プラットフォームエンジニアが厳選した、カスタマイズされたツールとプロセスのセットにより、セルフサービス機能や、ソフトウェア開発者を支援する自動化されたインフラストラクチャが実現し、組織固有のニーズが満たされます。 この適応性により、開発者は画一的なソリューションに縛られることなく、プロジェクト要件に最適なツールを使って作業することができます。同時に、これによって開発者が新たなスキルセットを習得して余分な作業を行う必要性が減り、最も得意とする作業である「コード」に集中できるようになります。

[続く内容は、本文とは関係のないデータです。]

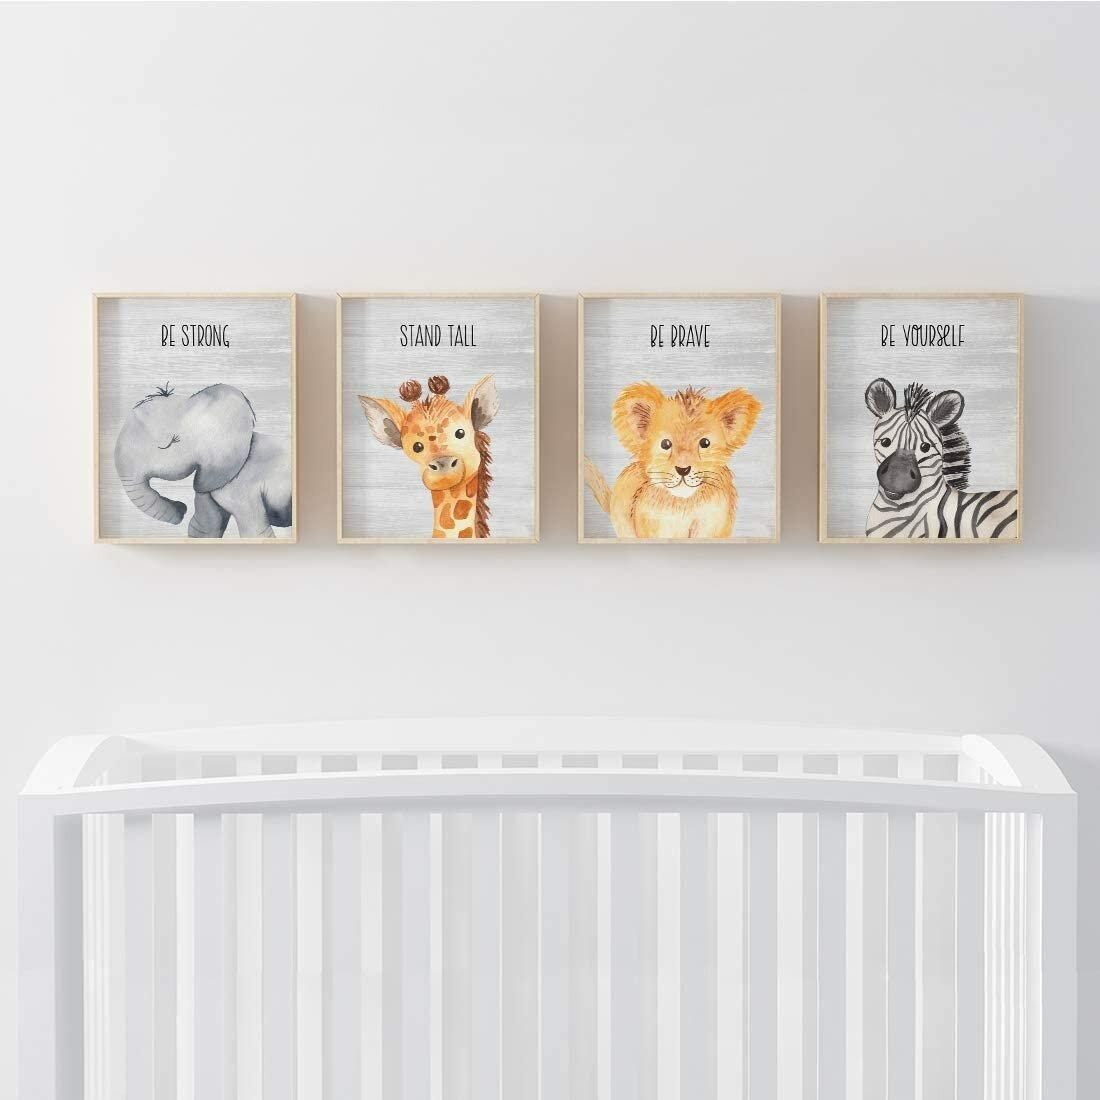 Harriet Bee Inspirational Nursery Room Wall Art Baby Animals Elephant Giraffe Lion Zebra Grey Rustic Wood Reviews Wayfair Ca
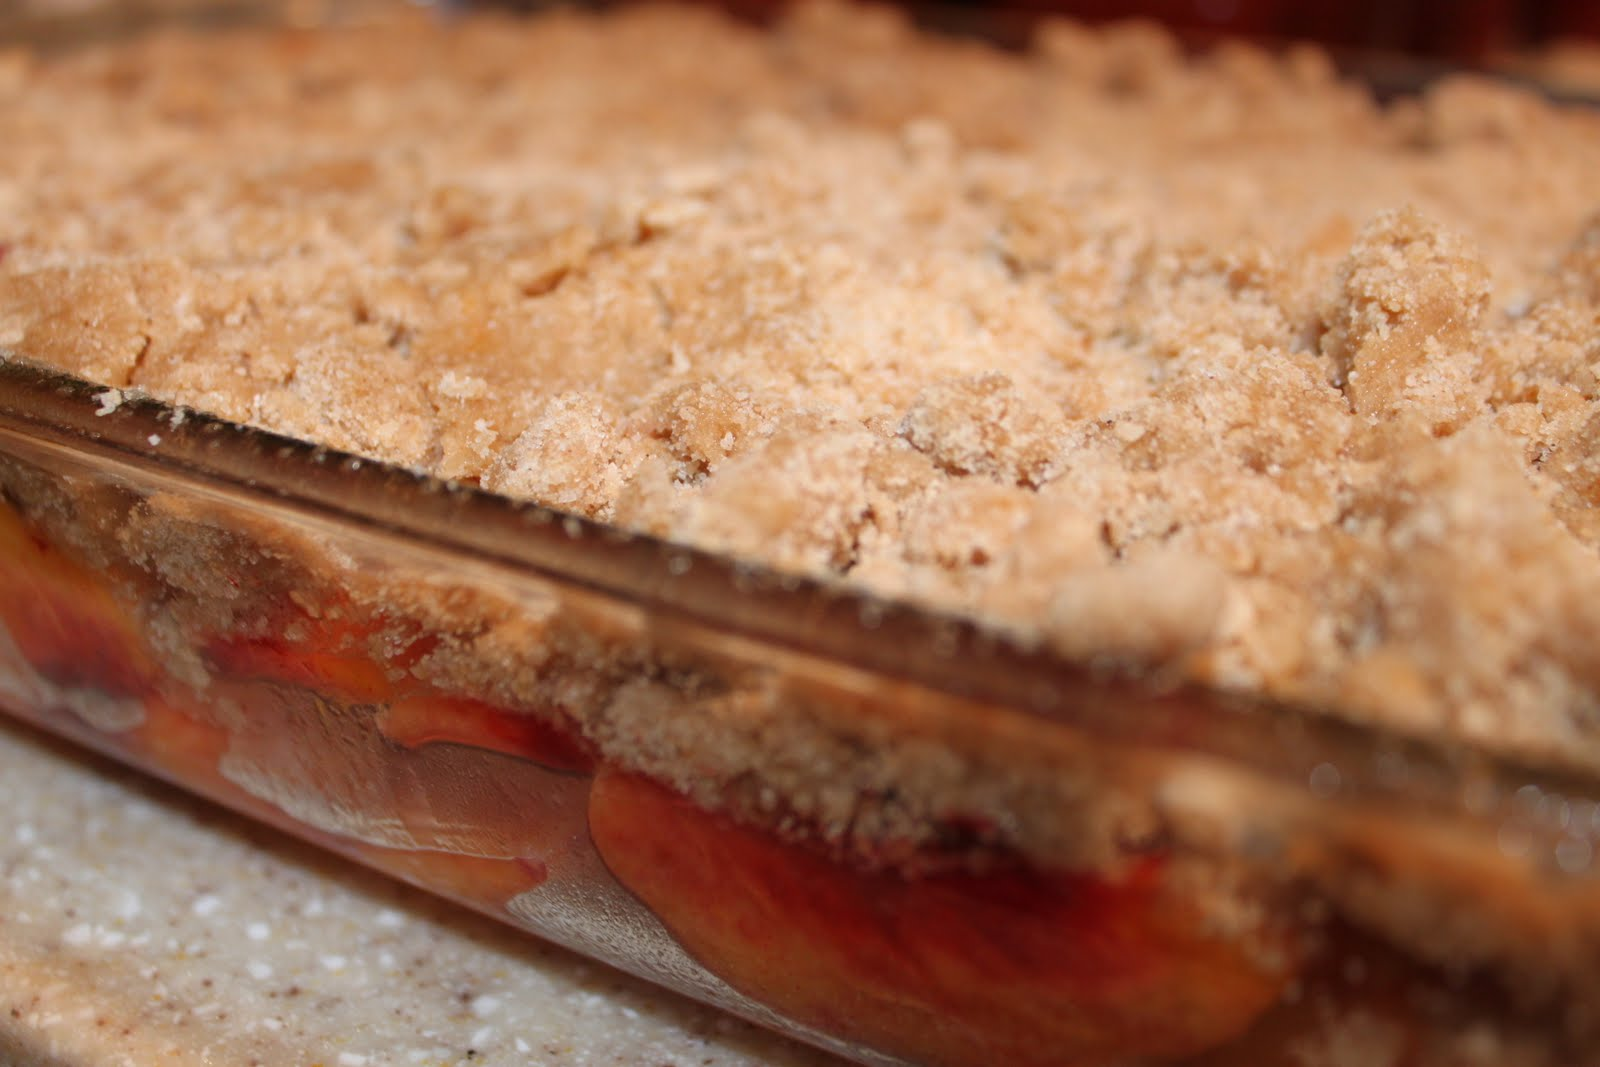 Peach Crisp With Maple Cream Sauce - 2 Maids a Baking ...

また、プラットフォーム・エンジニアリング・チームは堅牢なガバナンスフレームワークを導入し、すべての環境にわたってリソース、セキュリティ、コンプライアンスの制御性を維持できるようにします。これにはパフォーマンスを監視し、コストを追跡し、潜在的なリスクや脆弱性を特定するためのより実践的な方法が提供されるという追加のメリットもあります。
プラットフォーム・エンジニアリングの舞台裏(動画の再生時間:2:31)
アプリケーション・プラットフォームとは
内部開発者向けプラットフォームとは
内部開発者向けプラットフォーム (IDP) とは、開発者がアプリケーションのライフサイクル全体を通じてコードを作成、デプロイ、保守するために必要な、標準化されたセルフサービスツールとテクノロジーのセットです。IDP に統合されたツールチェーンは、より優れた生産的なワークフローを開発者に提供します。これらのツールチェーンはセキュリティやスケーラビリティなどの要素に重点を置き、組織が最終的により多くの顧客価値を生み出すのに役立ちます。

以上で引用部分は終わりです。